Conoscere il proprio cliente privato significa anche conoscere le sue proprietà di famiglia, in particolare aziendali, con le loro specificità commerciali, la governance e le modalità di finanziamento. In questo contesto, un tema strategico particolare e di estrema attualità è quello dell’ottimizzazione del passaggio generazionale; qui il servizio di consulenza patrimoniale raggiunge la sua massima espressione, non essendo unicamente un processo di trasmissione della ricchezza tra generazioni, ma anche difesa di posizioni giuridiche, interessi, situazioni delicate che investono ogni componente della famiglia e dove l’istituto del trust trova la sua validità.
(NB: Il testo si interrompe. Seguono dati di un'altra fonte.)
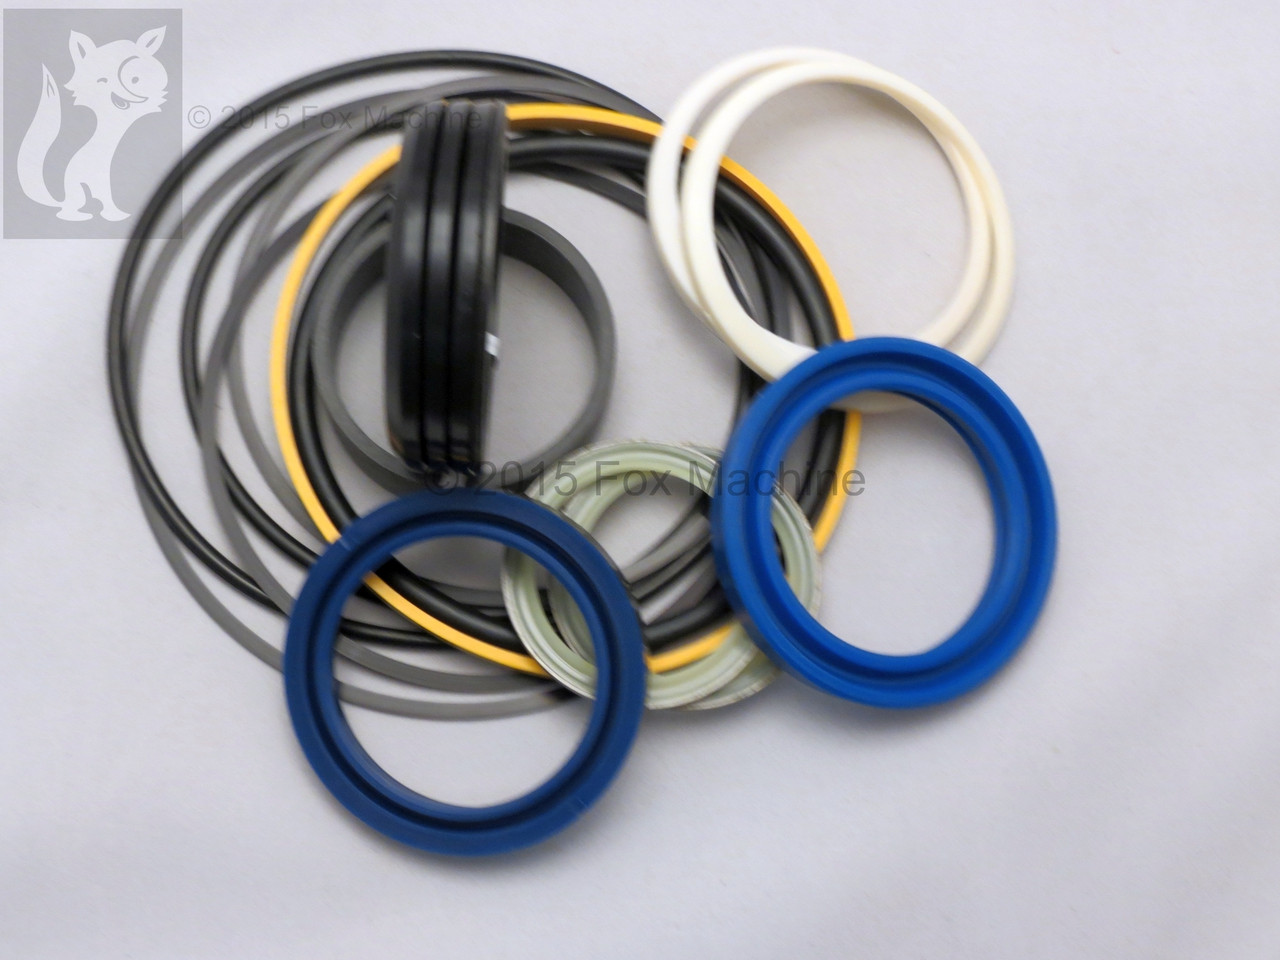 Hydraulic Seal Kit for Ford 655A hoe Boom Lift 63 mm Rod 2-1/2" 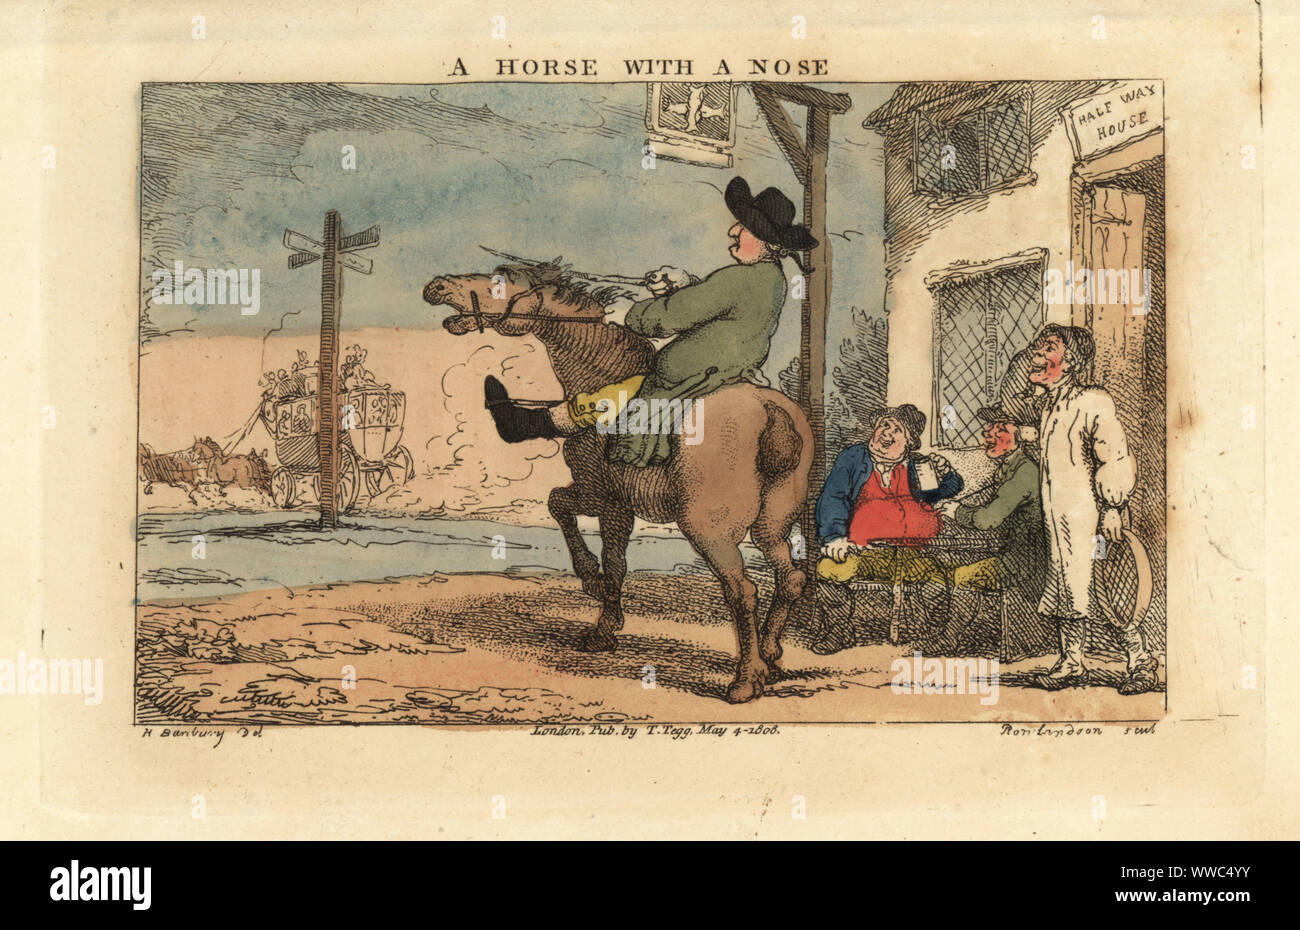 Regency man trying to stop a horse entering a tavern. Drinkers laugh at his struggles to control his horse, as a stage coach rides off in the distance. A Horse with a Nose. Handcoloured copperplate engraving by Thomas Rowlandson after an illustration by Henry Bunbury from Geoffrey Gambado’s An Academy for Grown Horsemen and Annals of Horsemanship, London, 1809. Stock Photo

Per definizione, l’interlocutore italiano della piazza ticinese ha un’ottica transfrontaliera, sia per i bisogni personali, come ad esempio l’investimento immobiliare, quale seconda casa (particolarmente richiesta in periodo pandemico) o come diversificazione dei propri investimenti, che per le necessità della propria azienda. Queste ultime, nonostante la loro limitata dimensione, oltre che di servizi accessori (fra l’altro liberamente proponibili a partire dal Ticino), per poter crescere, sono alla ricerca di mercati internazionali; e proprio perché piccole e famigliari, abbisognano di consulenza e soprattutto di servizi esterni da parte di istituti e professionisti che dispongono di una diffusa rete e, soprattutto, di una consolidata esperienza, anche finanziaria, internazionale. Finanziamento, passaggio generazionale, investimenti immobiliari, servizi accessori, internazionalizzazione sono tutti interessati dalla problematica tributaria, variabile complessa e in continuo mutamento, che in questo nuovo mondo finanziario fiscalmente regolarizzato richiede, non solo di essere conosciuta, ma anche, e soprattutto integrata nella gestione e nella consulenza. Ne risulta una gestione olistica del patrimonio che richiede un lavoro di architettura di competenze tecniche da applicare in modo integrato al patrimonio del cliente, né riscontrabili in un solo consulente, né, salvo delle eccezioni, in un solo istituto finanziario.
Specializzazioni regionali (finanziaria da una parte e produttiva dall’altra), dunque, per un vantaggio reciproco (per il Ticino e per il Nord Italia) in un contesto d’integrazione territoriale. Il tutto per rispondere con competenze articolate e integrate (il FAMILY BUSINESS) a necessità complesse e globali (della PMI ITALIANA).